Coordinate regulation of M. tuberculosis cell envelope composition during symbiosis

2002 new Scholar Award in gid

Tuberculosis remains a major cause of mortality worldwide and new antimicrobials that would shorten TB chemotherapy are badly needed. Our laboratory studies the pathogenesis of infection with Mycobacterium tuberculosis (Mtb) through a multidisciplinary approach that includes bacterial genetics, lipid biochemistry, and immunology. The long-term goal of these studies is to identify and understand bacterial molecules essential for Mtb pathogenesis that would be attractive therapeutic targets.

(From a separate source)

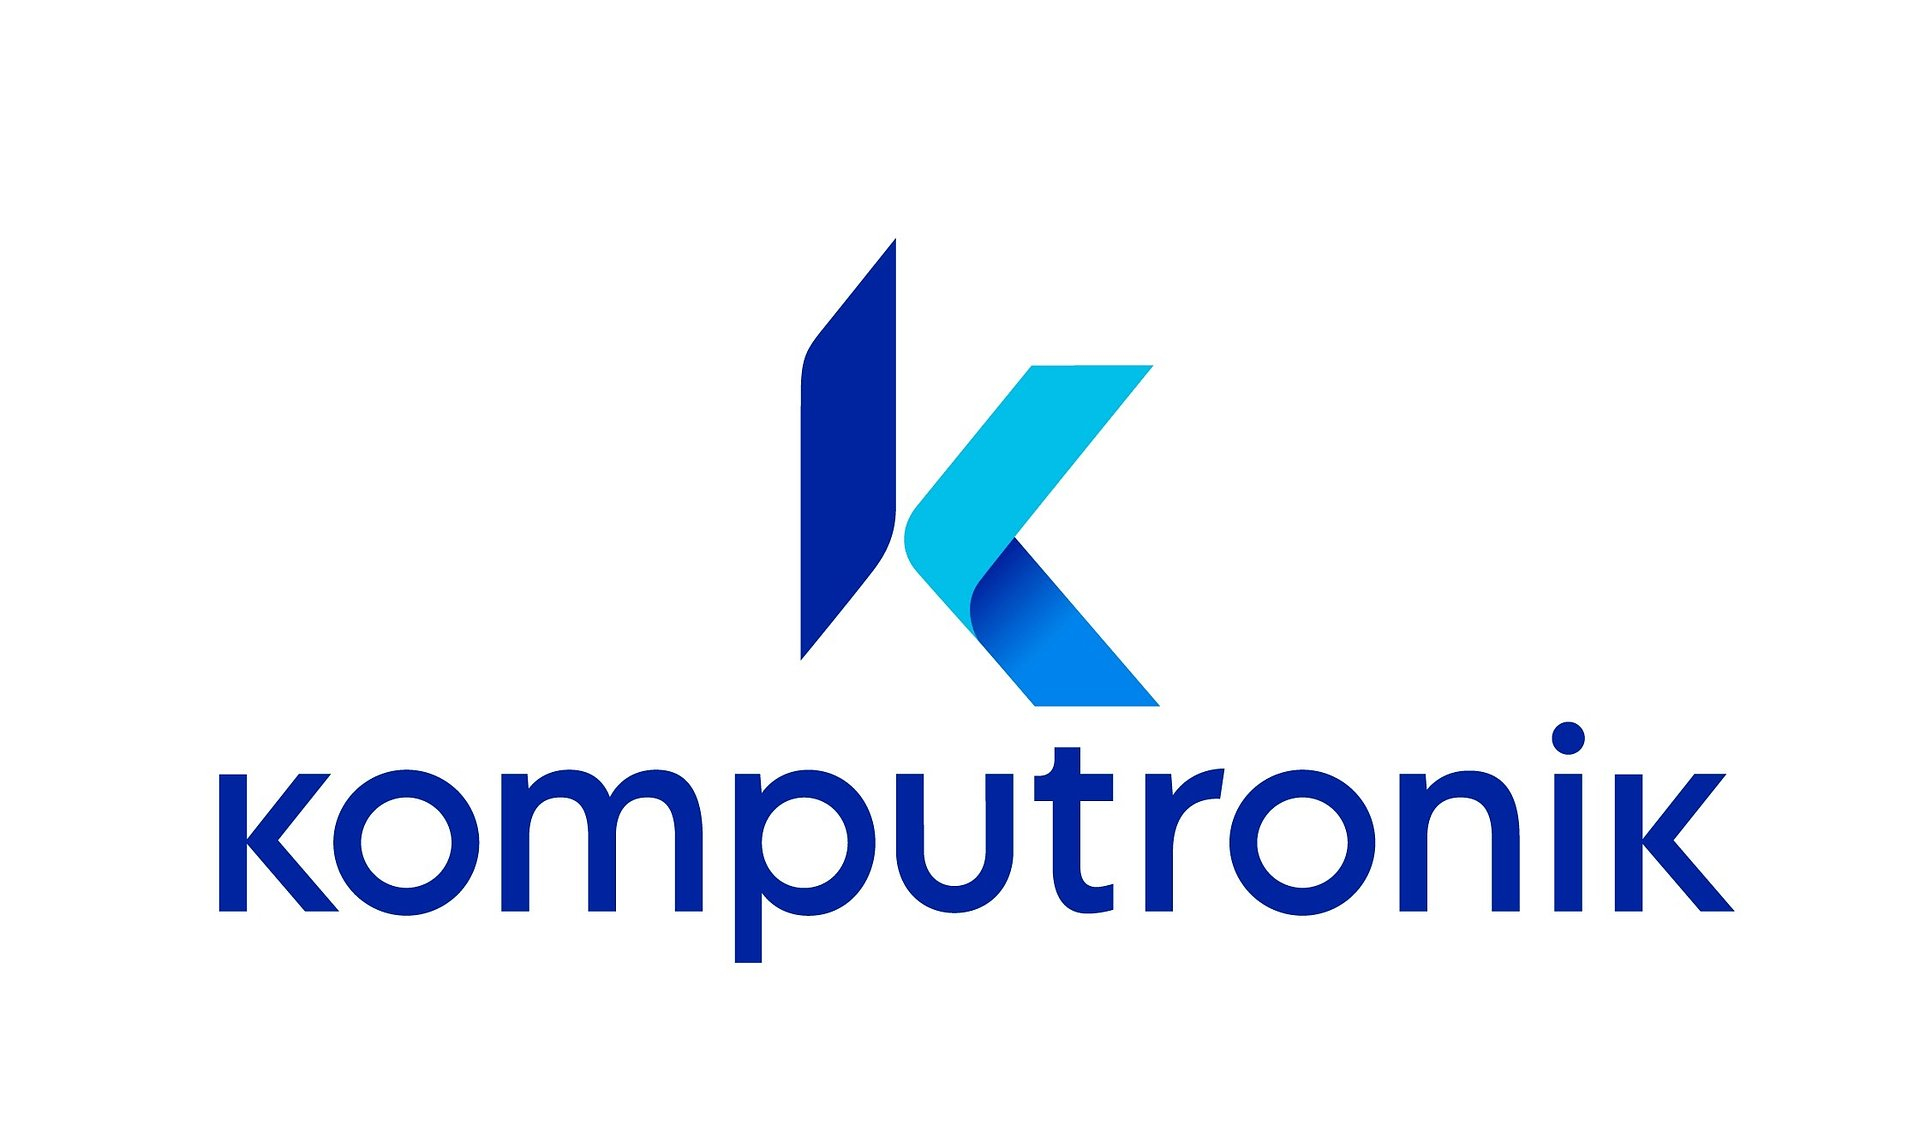 komputronik-logo

We are actively studying the relationship between Mtb pathogenesis and the chemical structure of the mycobacterial cell envelope. While the chemical structures of many cell envelope molecules have been defined in exquisite detail, their role in pathogenesis has been unclear. To understand the role of these unique chemical entities in pathogenesis of Mtb infection we have generated defined mutants of Mtb that lack specific compounds in the cell envelope. Specifically, we are examining the biosynthesis, pathogenetic role, and pathogenic function of the cyclopropane modification of mycolic acids, the major lipid in the Mtb cell envelope. We have found that perturbation of the cyclopropane content of the Mtb cell envelope through genetic deletion of individual cyclopropane synthetase genes alters the symbiotic behavior of Mtb in mouse models of bacterial persistence. These cyclopropane synthetase mutants invoke distinct inflammatory histopathology, suggesting a role for individual cyclopropyl residues on mycolic acids in modulating the host immune response. These studies suggest that the chemical diversity generated by the modification of mycolic acids with cyclopropyl groups is important for host-pathogen interactions. Through future analysis of Mtb mutants defective in cell envelope structures, we hope to understand how Mtb uses the chemical diversity of its cell envelope to modulate host-pathogen interactions to achieve microbial persistence. These studies may reveal novel targets for Mtb chemotherapy and may lead to fundamental insights into host recognition of mycobacterial lipid effector molecules.

Researchers
Michael S. Glickman M.D.
Memorial Sloan Kettering Cancer Center

The New Scholars Award in Global Infectious Diseases to Michael Glickman has funded several major advances in our understanding of M. tuberculosis infection. M. tuberculosis infection causes the disease Tuberculosis and is the world’s most common infection. Work funded under this award has identified important mechanisms by which TB causes infection. Namely, that the lipid coating of the outer surface of the bacterium controls the host immune response in such a way as to facilitate infection. In addition, this award has identified a mechanism (regulated intramembrane proteolysis) by which TB controls the composition of the outer surface of its cell wall and shown that this control mechanism is necessary for TB to cause infection of mice. Finally, this award identified a new DNA repair pathway of mycobacteria, Non Homologous End Joining. In summary, the funding from The Ellison Medical Foundation has been critical at an early stage of Dr. Glickman’s career and has facilitated the discoveries noted above.